Hi there, I have been looking at rearing fancy mice for a while now and have bought a cage to keep a pair of females in to start off with to see how I get on with them. The more I research them, the more interested I become and the more I realise that these are the pets for me. I find these little creatures fascinating but am finding them very difficult to locate. I'm in Evesham, Worcestershire if anyone knows of a local breeder at all, I would be very grateful to know. 
I look forward to spending more time on this site (maybe as a future breeder...)
Kat


----------



## Kingnoel (Apr 23, 2011)

Welcome!


----------



## SarahY (Nov 6, 2008)

Welcome to FMB


----------



## The Boggit keeper (Mar 5, 2010)

Hi and Welcome!


----------



## Frizzle (Oct 6, 2011)

Hello, and welcome to the forum!


----------



## SarahC (Oct 3, 2008)

:welcome1


----------



## moogiboogy (Jan 14, 2012)

Thank you all for your kind welcomes  I hope it won't be too long before I can locate a pair of females so I can share my experiences with you all (and hopefully you can give me some advice on how I can get the best from them!).

Kat x


----------



## Wight Isle Stud (May 19, 2010)

Hi moogyboogy- Just bear in mind that it costs no more to feed high quality show mice than it does pet standard, they can be kept just the same, and as a general rule, they dont cost a lot more to buy your initial stock either.
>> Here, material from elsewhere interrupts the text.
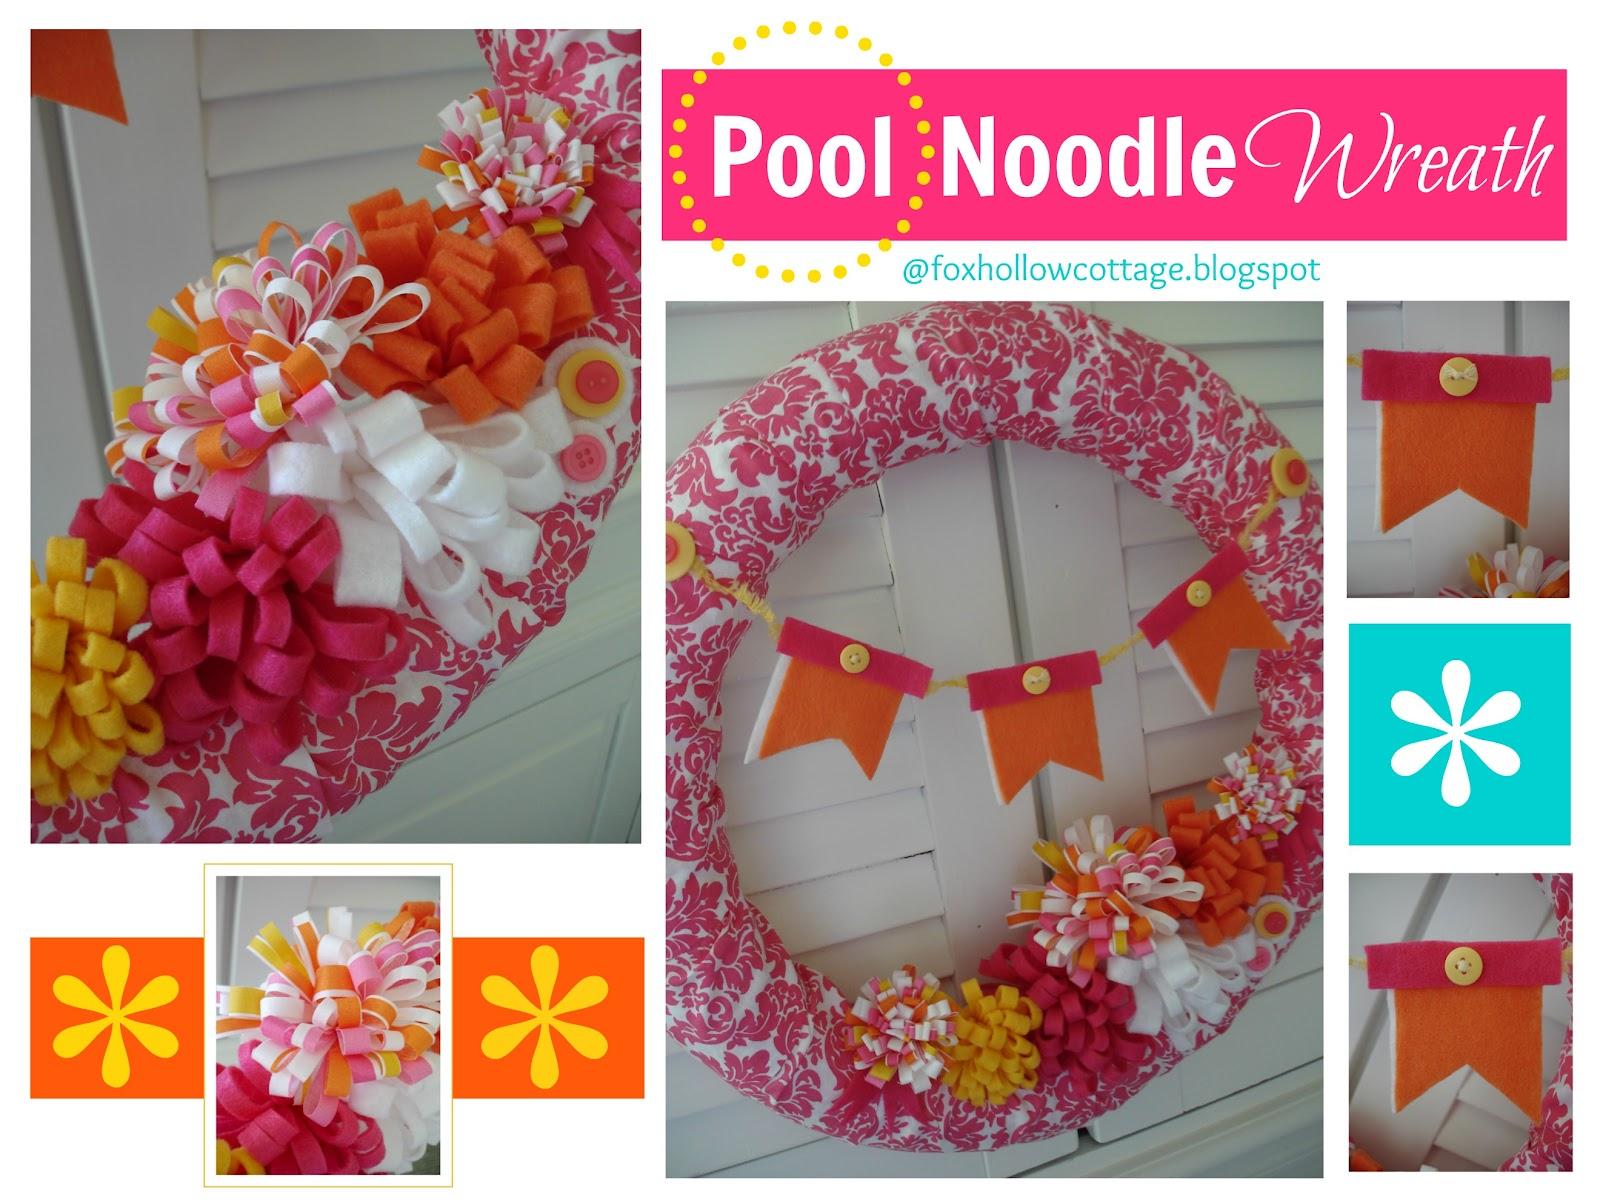 http://3.bp.blogspot.com/-XsrkYabq1LM/UAnKfa9AhTI/AAAAAAAAFBs/fXdmQ8WYKqQ/s1600/Collage+of+Pool+Noddle+Wreath+Pink+Summer+by+FoxHollowCottage.jpg

Have a float through the National Mouse Club web site and have a look at the breeds available. There are some major shows all through the year not to far from you.


----------



## maisymouse (Feb 10, 2011)

Hi Kat, I am In stratford Upon Avon so not far from you, I sometimes have show stock available if you are looking to join the National Mouse Club and will soon have a few different varieties to choose from if any take your fancy.


----------



## maisymouse (Feb 10, 2011)

I also breed pet mice aswell and will have some very pretty ones available in 2 weeks time, pictures are available if you are interested.


----------



## Lucy (Jan 7, 2012)

Hello


----------